■ Raw data
----------
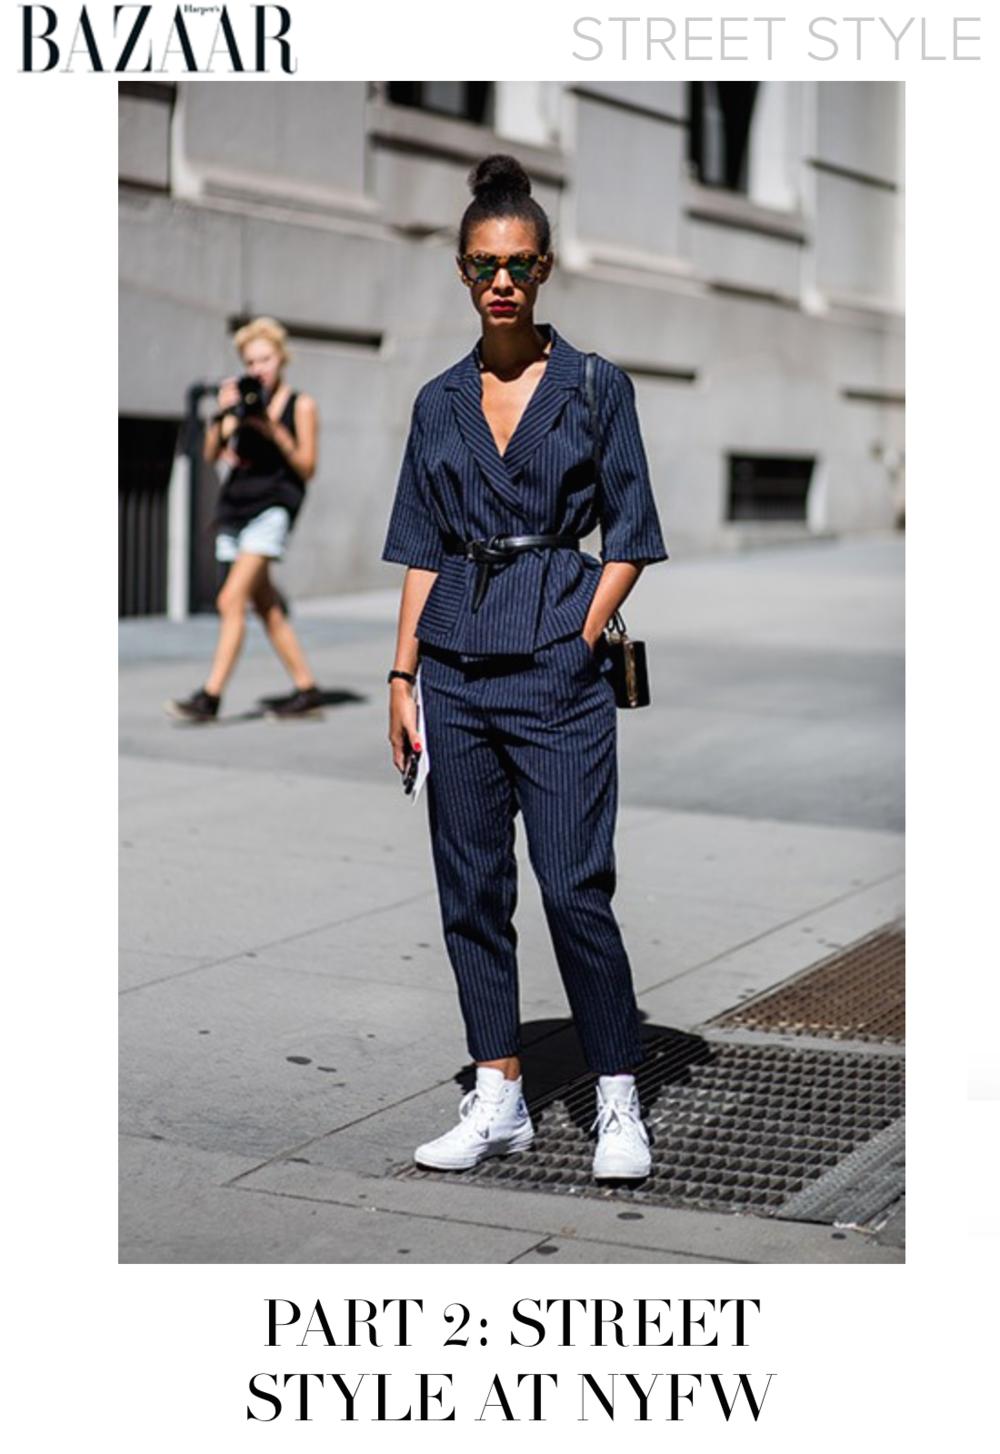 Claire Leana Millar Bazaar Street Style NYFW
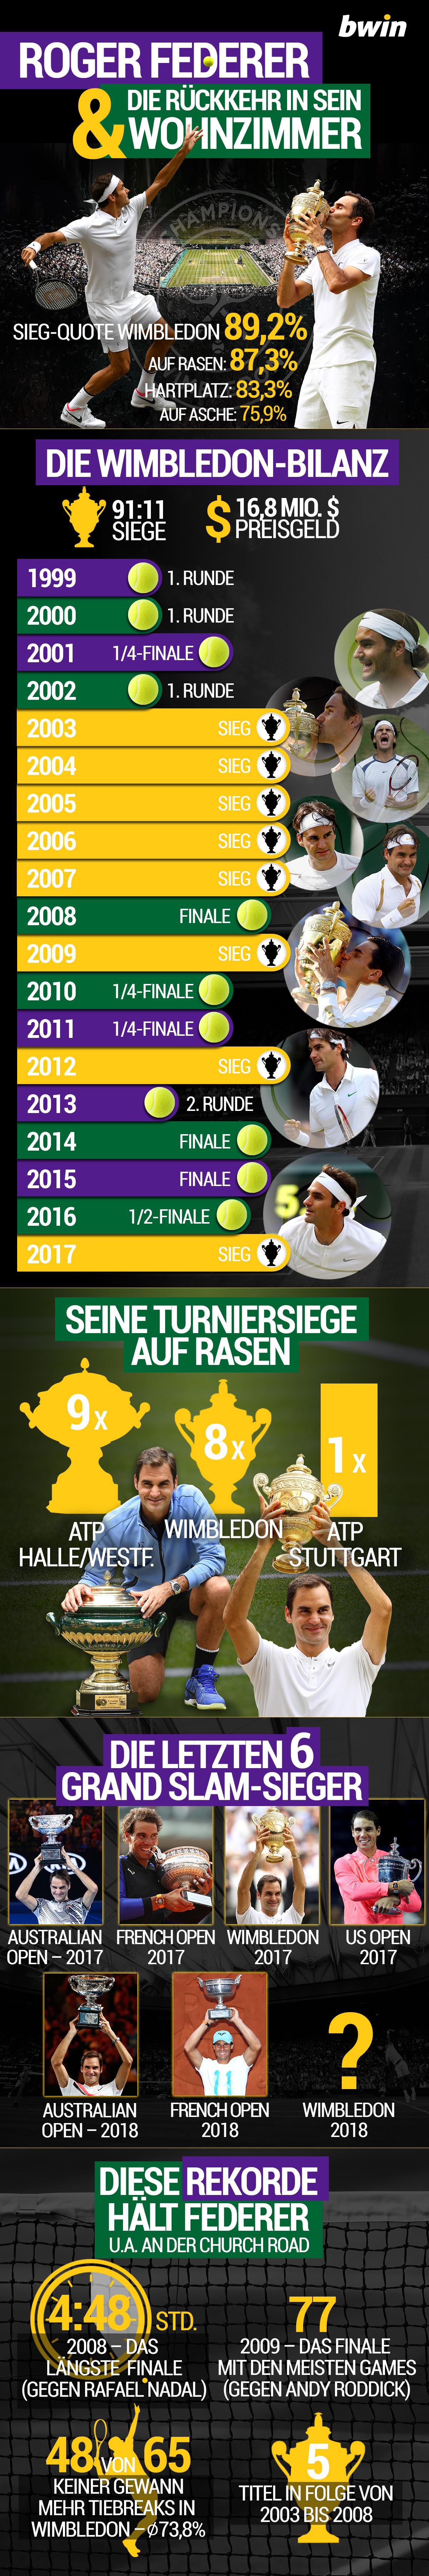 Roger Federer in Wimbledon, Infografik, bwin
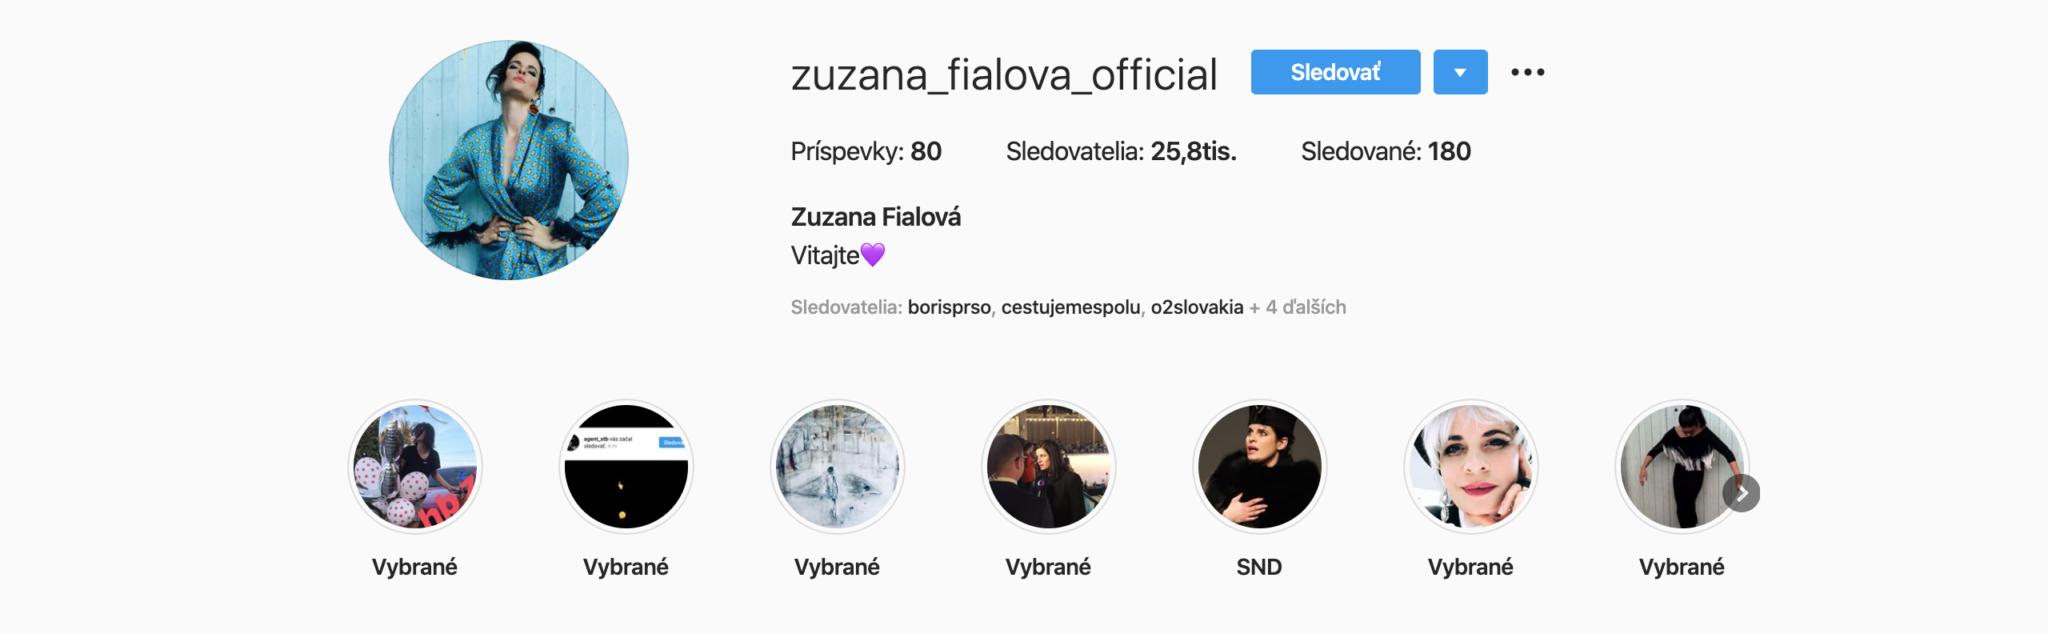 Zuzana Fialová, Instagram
----------
■ Exercise aim
Beginning with the line that includes "Roger Federer in Wimbledon, Infografik, bwin" and ending with the last line of the material, reproduce those lines exactly and nothing else, with no pictures.

■ Response area
 Roger Federer in Wimbledon, Infografik, bwin
 Zuzana Fialová, Instagram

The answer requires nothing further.